CORRECT QR Codes
“Cracking a 600 million year old secret to fit computer vision on the edge”
Dr. Shivy Yohanandan
Co-founder and Chief Technology Officer
The ultimate goal of AI IoT is to be aware of our surroundings through sensors which can respond in real-time so we can be more selective with how we use and manage our limited resources, which reduces business and environmental cost. But the big problem with AI IoT is that current AI uses more energy to process IoT data than the energy it’s trying to save, which is a paradox. The main cause is expensive algorithm families like YOLO, SSD, R-CNN, and their derivatives, which account for most of the computer vision algorithms used by everyone!

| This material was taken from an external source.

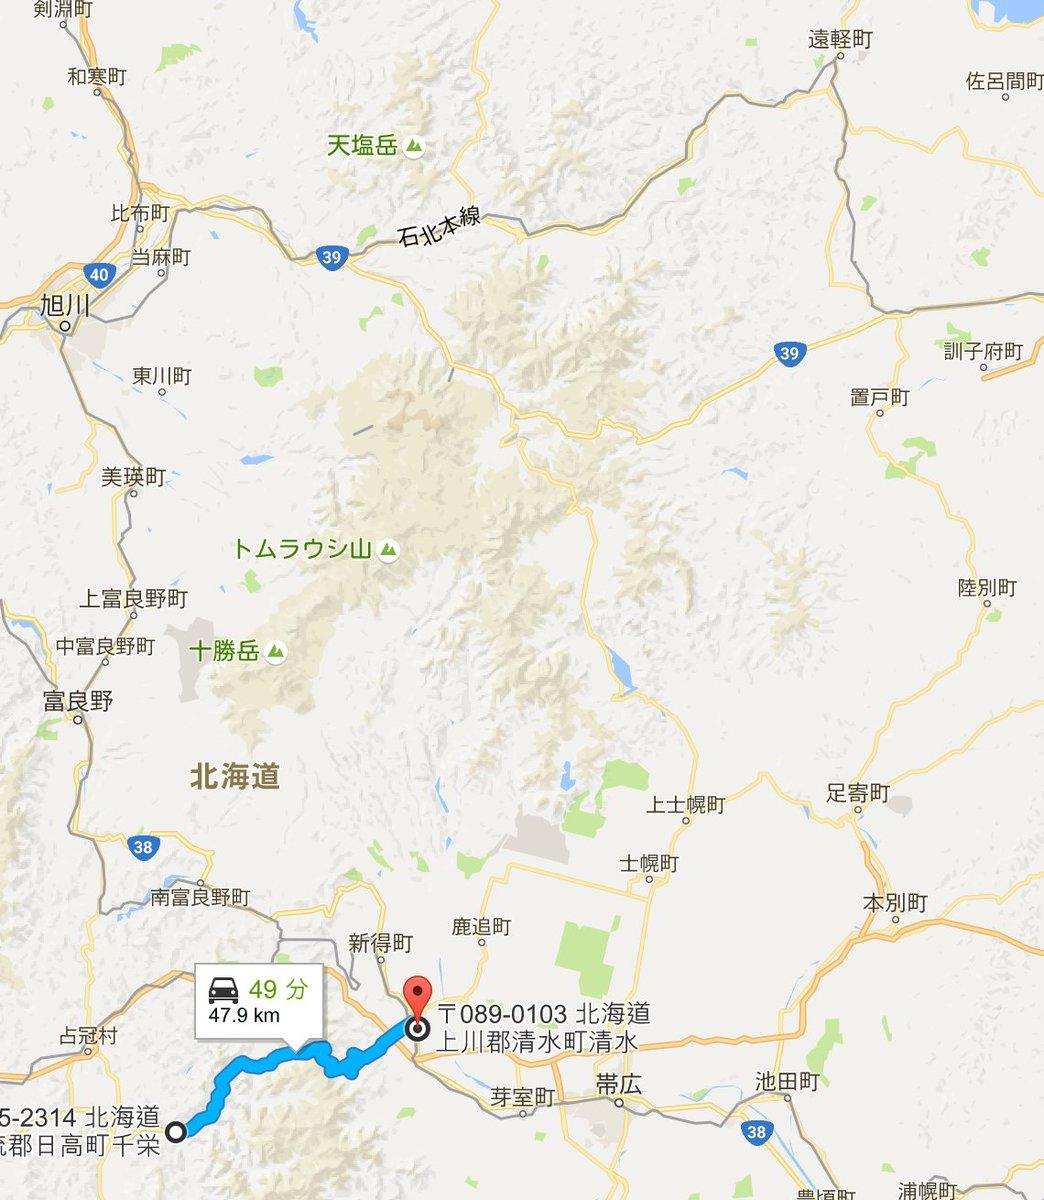 日勝峠の橋崩落で通行止め、迂回経路の距離調べたけど、つらすぎる https://t.co/Go9TfSm0Uz

YOLOs and SSDs do object detection (a staple in most computer vision) by shrinking the full resolution image to 416×416 or 300×300 and then doing both localization and classification on this shrunken image. But you’ve now lost over 95% of information from the original image, which is why accuracy, robustness and generalizability seems to be poor, especially when trying to scale across many IoT sensors (e.g. cameras). In addition to this inherent design flaw, these models are huge and computationally expensive, which is why everyone is trying to fit them on the edge by shrinking these models. However, this often results in losing even more accuracy on a model that was already inaccurate to begin with!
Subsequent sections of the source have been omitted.